The 28th of June my sister gave birth to her third child. A beautiful baby girl named Charlie.
The moment I received the message she was born, I was overrun with emotion. I wanted to race down the hospital to congratulate my sister, and off course meet my new little niece. I was at the physical therapist at that time, and when I finally got home, Ramon was there as well for a pit stop between clients. I jumped around his neck to say hello, and tell him the news of little Charlie being born. I rushed through the things I had to do before I could go, and had to catch my breath in the meantime. My body was shaking all over, and every deep breath was quickly followed by the next one. I wanted to give Ramon a quick hug and kiss when I was ready to go, but when I wanted to let him go, he pulled me tighter. Then he whispered in my ear; ‘Take it easy, it’s just another floor in a hospital you visit almost daily. You just go in and out, to congratulate your sister. You can do this.’
Boom.
There were the tears that I clearly pushed away so hard. I didn’t want to know what was the matter, even though I knew off course. Why I felt so nervous, and sad, and scared, where there only ought to be exhilarating joy and happiness to welcome my little niece, and visit the most happy floor in a hospital. The pressure that was pounding on my chest, was the anger for feeling these feelings together with the happiness and exhilarated joy that were also there. I didn’t want to give room for the other feelings. I’m not allowed, it’s not about me, it’s about my sister. So don’t be such a baby! But when Ramon said those words together with his ever so tight hug, I dried my tears, and looked in his eyes when I let go, and smiled. ‘You’re right. It’s just another floor. Nothing to it. I can do this. This is a happy time!’

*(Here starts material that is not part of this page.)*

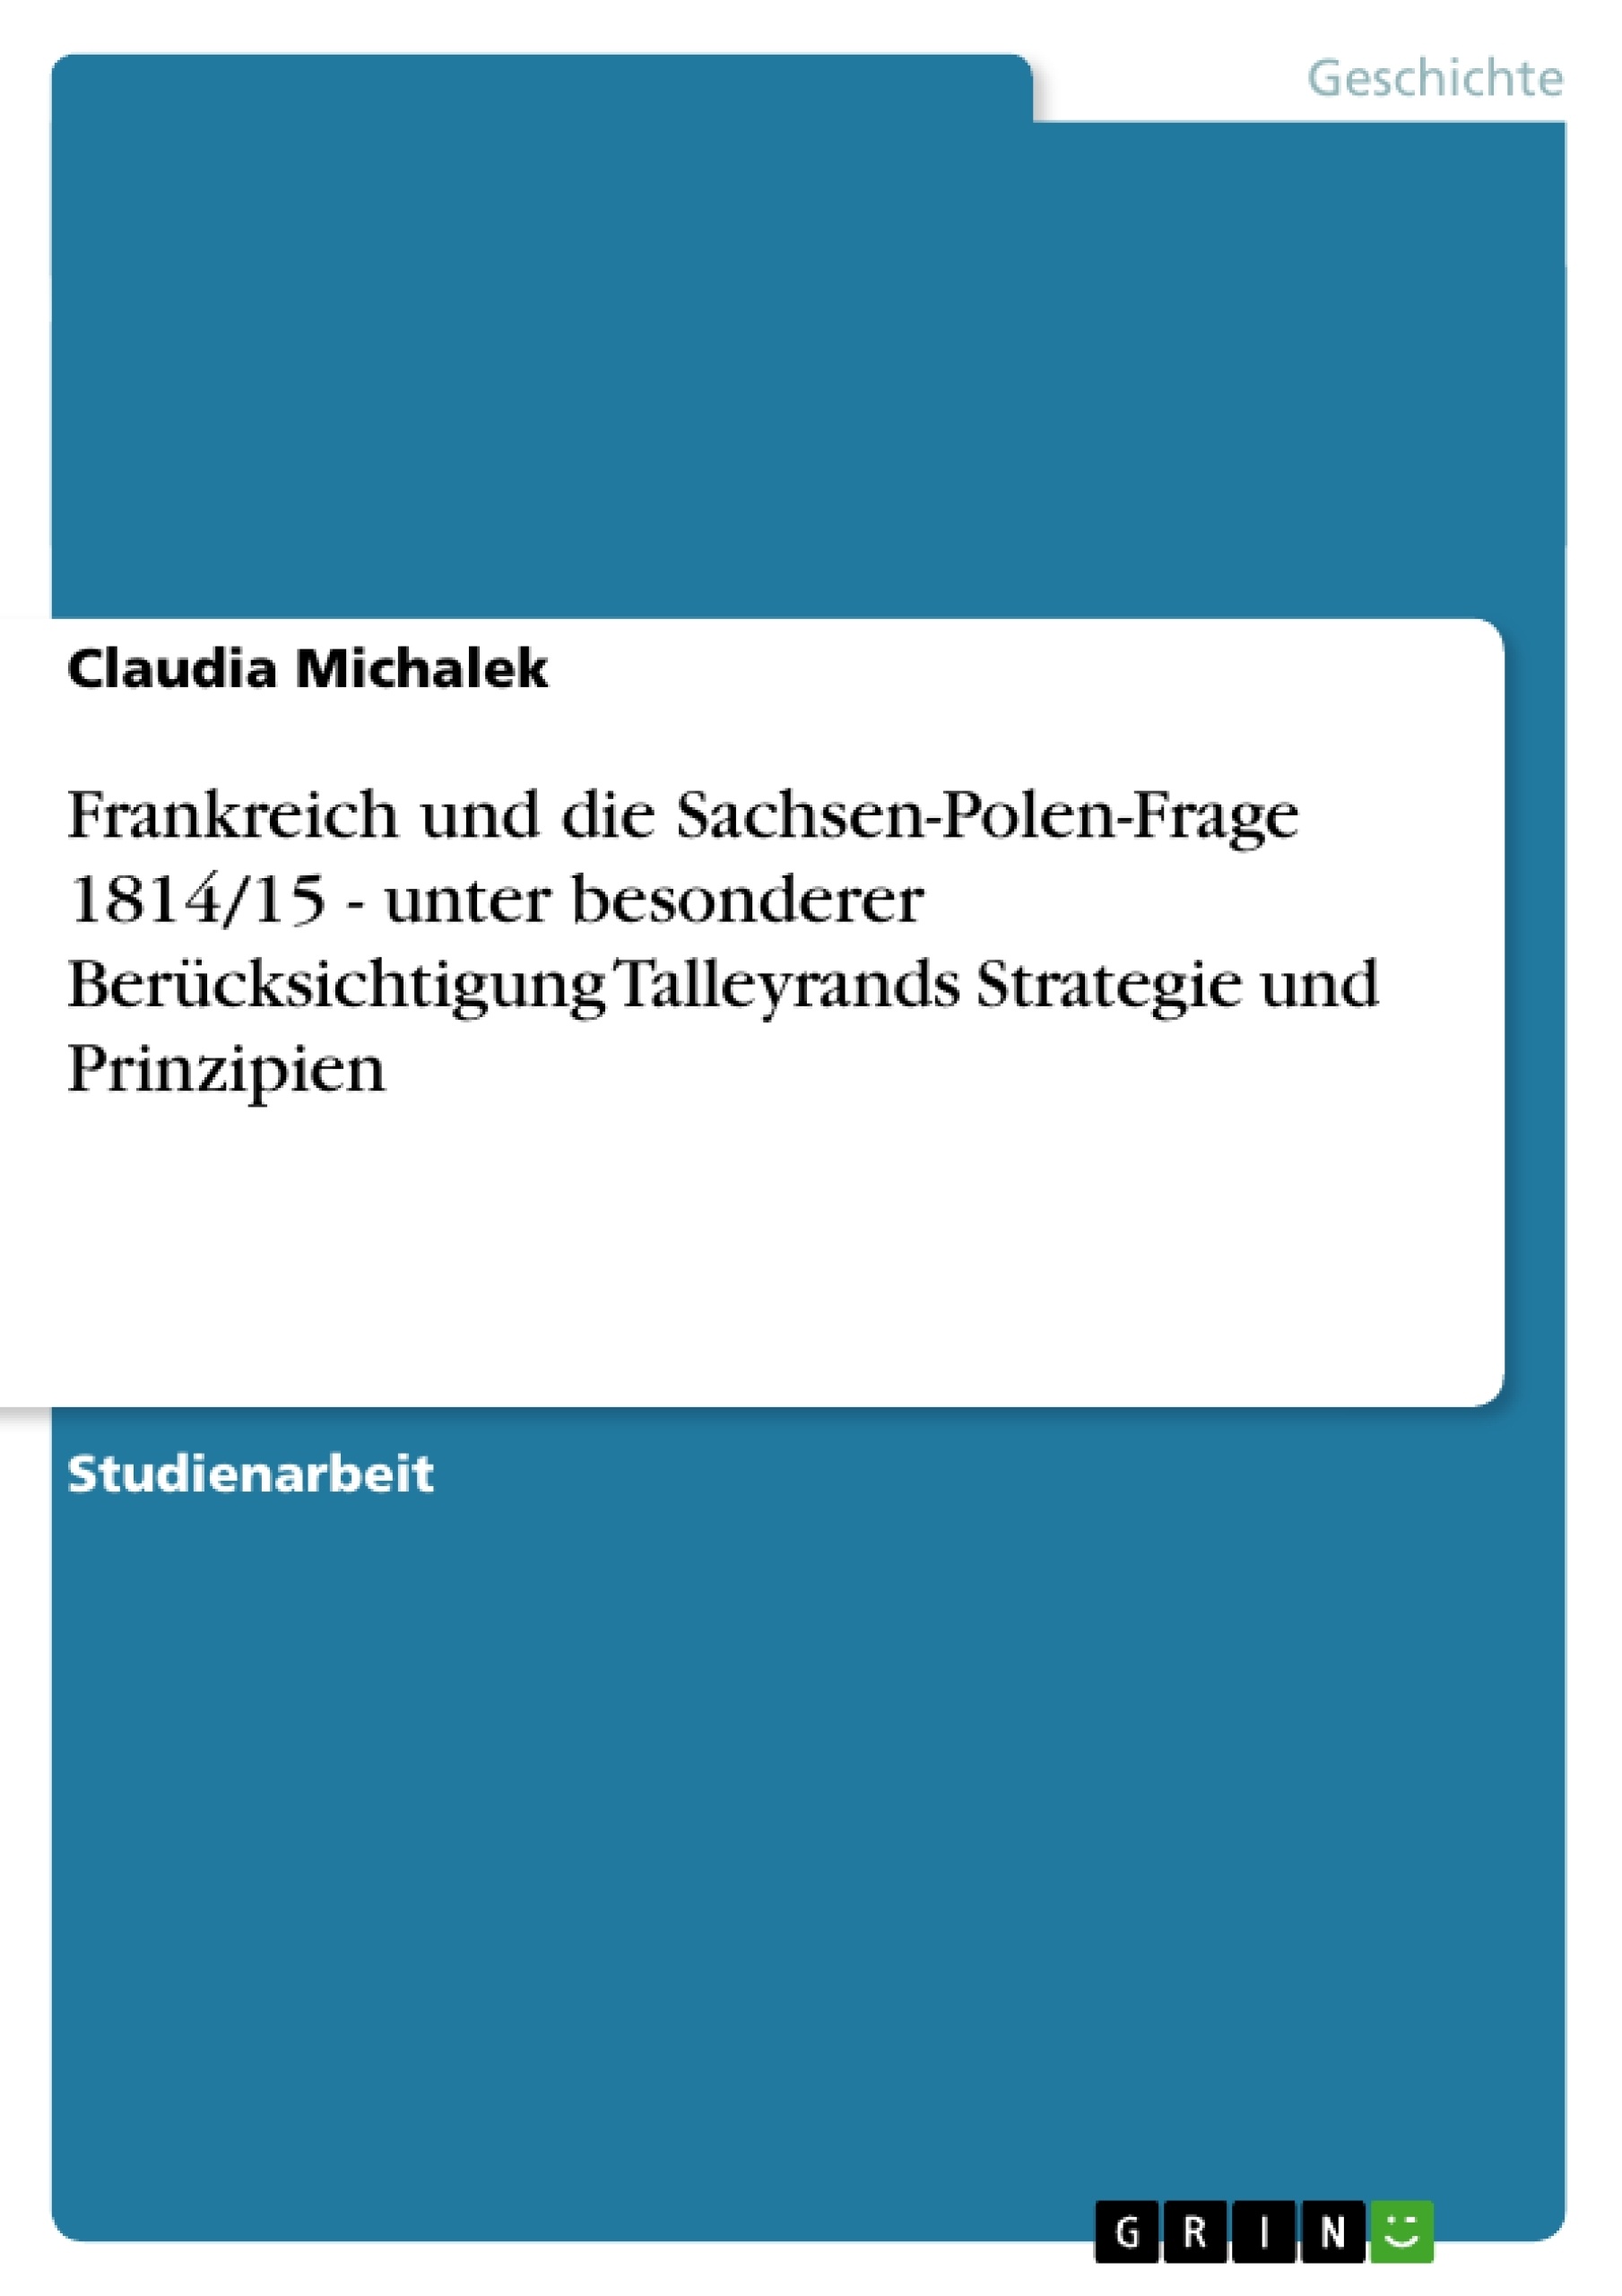 Titre: Frankreich und die Sachsen-Polen-Frage 1814/15 - unter besonderer Berücksichtigung Talleyrands Strategie und Prinzipien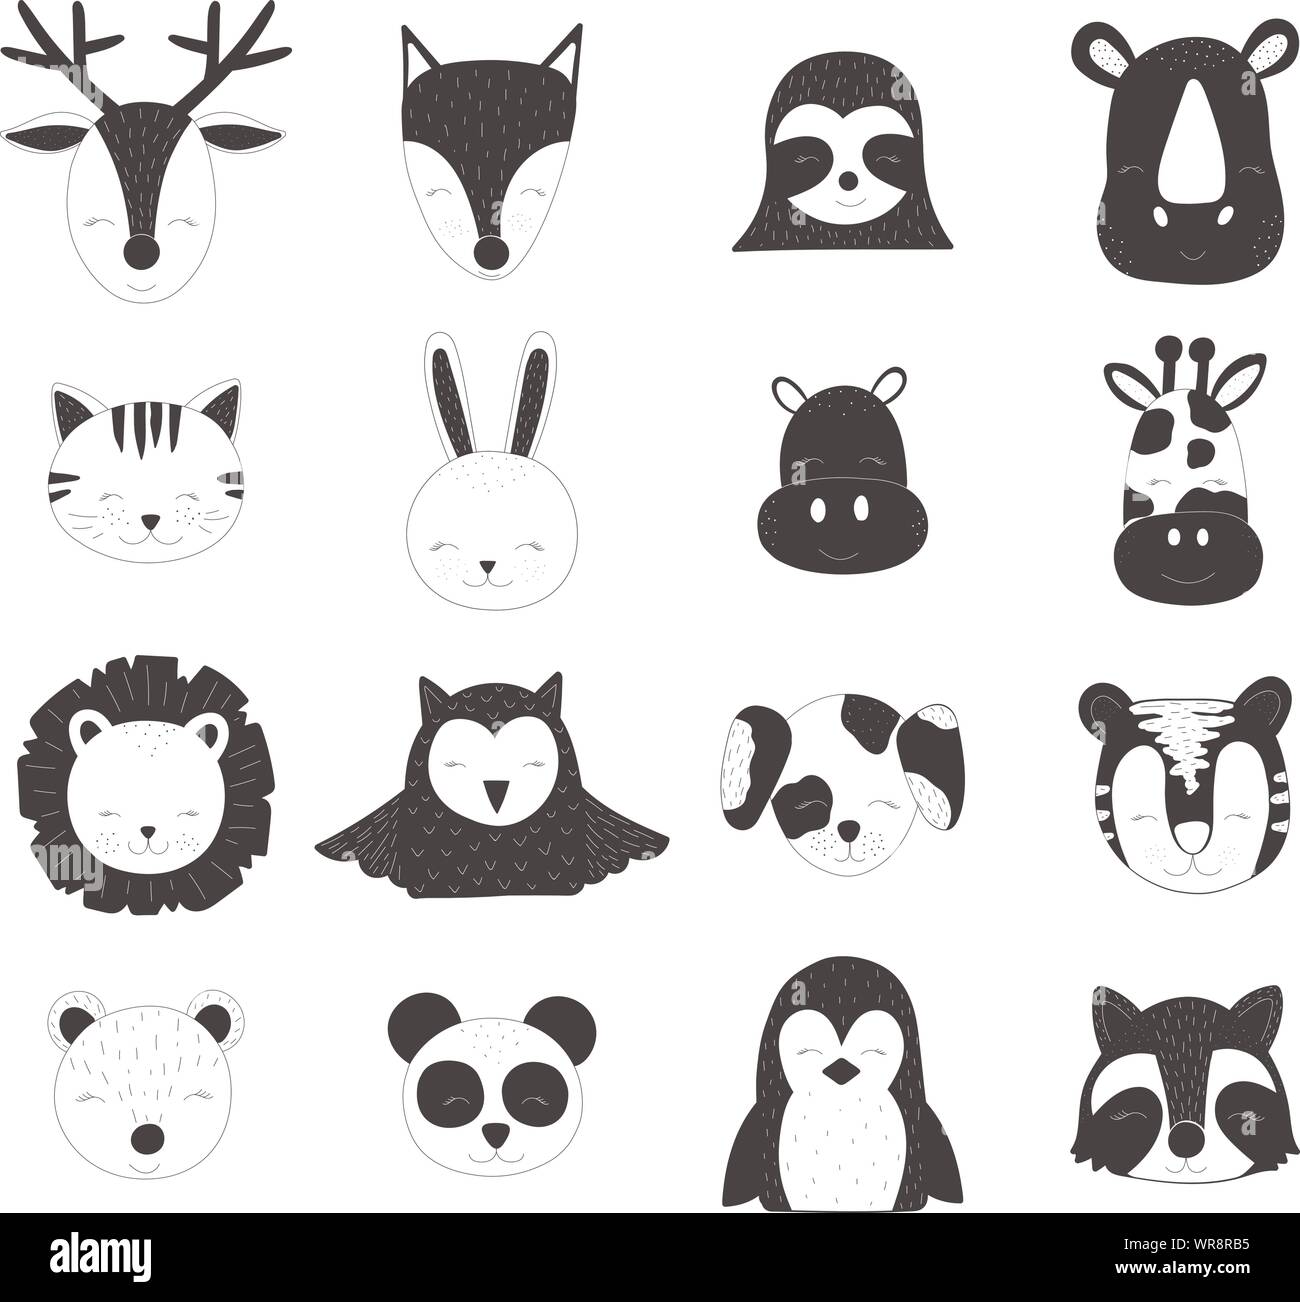 Vettore scandinavo bambini illustrazione. Disegnate a mano simpatici animali nero per il bambino. Cervi, volpi, sloth, rinoceronte, cat, lepre, ippopotamo, giraffe, lio Illustrazione Vettoriale

When I arrived at the hospital, I bought a pink balloon at the gift shop. With every step I came closer to the maternity ward, I squeezed my hand tighter around the balloon, and my heart beat like a kettle drum. I took several deep breaths when I opened the door, and let the happiness seep on in.
I was so proud of my sister. Even though she looked tired, she looked beautiful. And when my eye caught little Charlie, I instantly fell in love. I looked at her, but was afraid to touch her. So I didn’t. I sat down, and watched my other niece being totally in awe with her new little sister, and my nephew acting the total opposite. I smiled, because my nephew and niece were as if I watched my feelings had come to life. I was in love and in awe of this tiny human being, and I was acting like it didn’t do me anything at all, to keep my emotions in check.
And the longer I watched Angel, the more I couldn’t control my emotions anymore. It is an image that is seared in my brain. The love she had for her sister was so beautiful and real. I wanted to cry. I wanted to do the ugly cry. So it was time to leave. I gave my sister a kiss, and promised I would come back later together with Ramon.
When I came home, both Kuzco and Malha had clearly felt my energy when I left. But Kuzco knows me for over 10 years now. So he knows what’s going on, but little Malha was rather upset. And I don’t believe Kuzco explained it very well to her. Better yet I think he told her, I had left because I was sad and disappointed in Malha, and Ramon left too off course for the same reason. So now they may never come back again….
Yes, Kuzco has a dark side inside of him….
When I came home, she was even more happy than usual, and had her face covered in sunflower remainders. She proudly picked up one completely torn flower, as if to say, ‘Look, I’ve counted all the leaves, and only two remained. The last one was going to be “she loves me, and will come back home”. And you are!!! You are home, and you love me!!!!!’
I didn’t smile on the spot, because ….. my beautiful sunflowers!!!! ……
But then I saw her face, and I could only laugh and hug her. Off course Kuzco waited until I wouldn’t sound angry, so when he heard me laugh, he pushed himself between me and Malha for a group hug.